[The Borgias by Alexandre Dumas Pere]@TWC D-Link bookThe Borgias CHAPTER V 19/37
The Cardinals Colonna and Savelli followed immediately after, and behind them came Prospero and Fabrizia Colonna, and all the Italian princes and generals who had thrown in their lot with the conqueror, and were marching intermingled with the great French lords. For a long time the crowd that had collected to see all these foreign soldiers go by, a sight so new and strange, listened uneasily to a dull sound which got nearer and nearer.
The earth visibly trembled, the glass shook in the windows, and behind the king's escort thirty-six bronze cannons were seen to advance, bumping along as they lay on their gun-carriages.
These cannons were eight feet in length; and as their mouths were large enough to hold a man's head, it was supposed that each of these terrible machines, scarcely known as yet to the Italians, weighed nearly six thousand pounds.

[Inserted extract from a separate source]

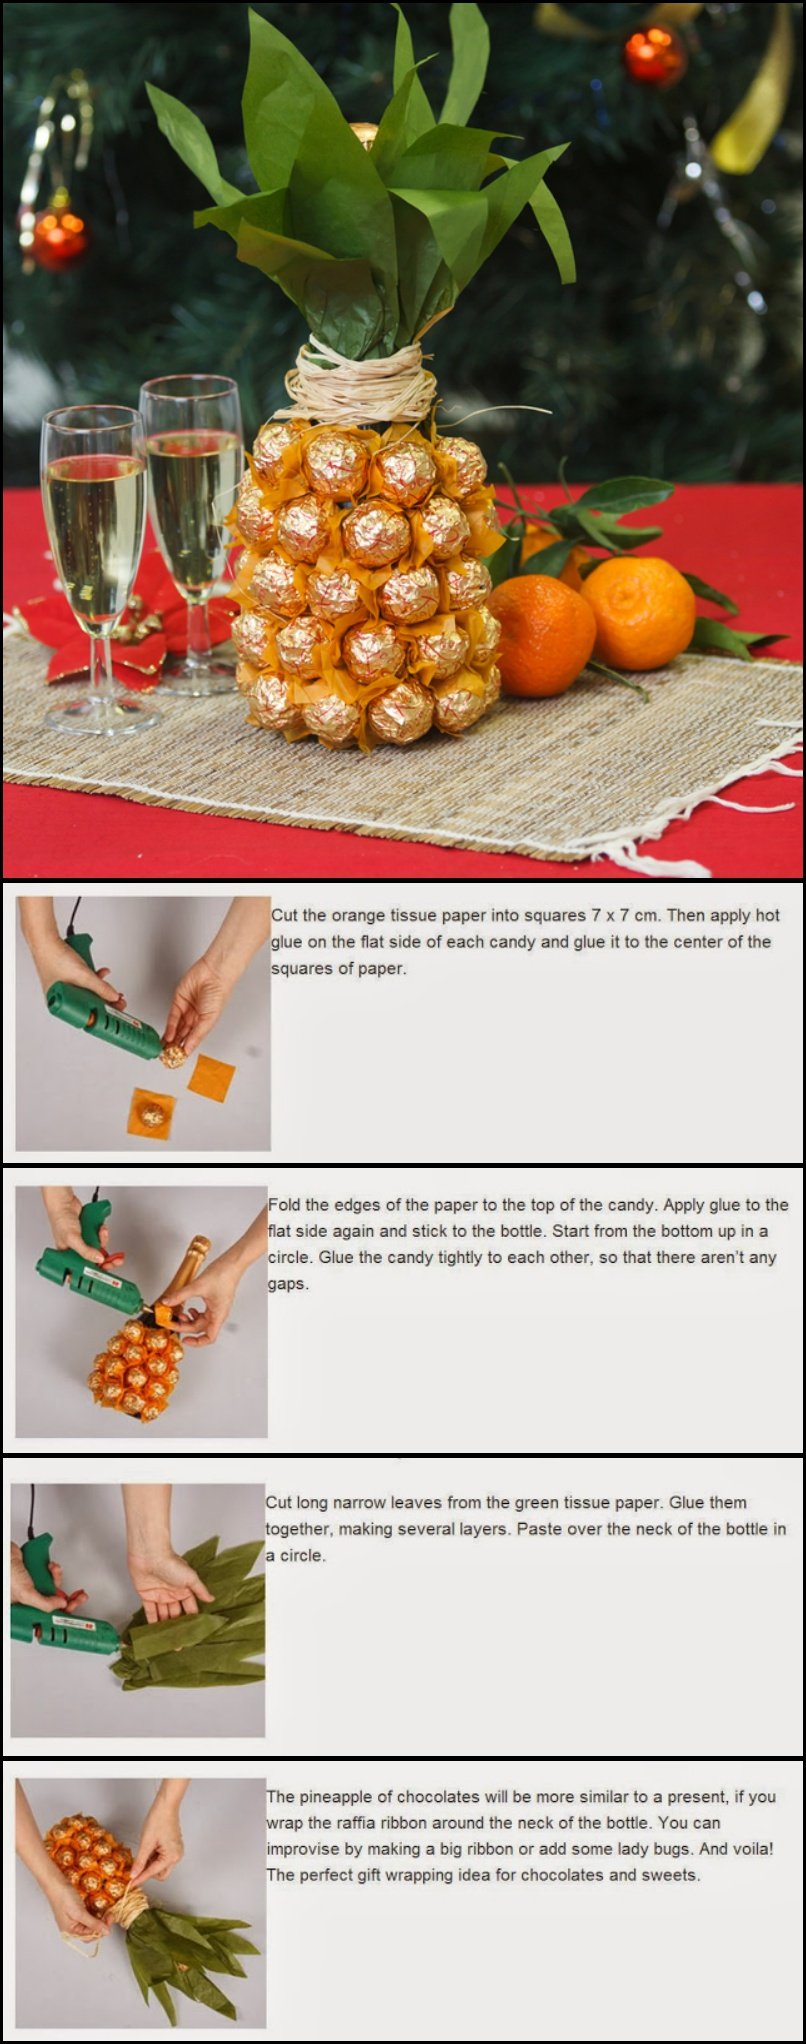 Creative Gift Wrap A Champagne Bottle Like A Pineapple With

After the cannons came culverins sixteen feet long, and then falconets, the smallest of which shot balls the size of a grenade.
This formidable artillery brought up the rear of the procession, and formed the hindmost guard of the French army. It was six hours since the front guard entered the town; and as it was now night and for every six artillery-men there was a torch-bearer, this illumination gave to the objects around a more gloomy character than they would have shown in the sunlight.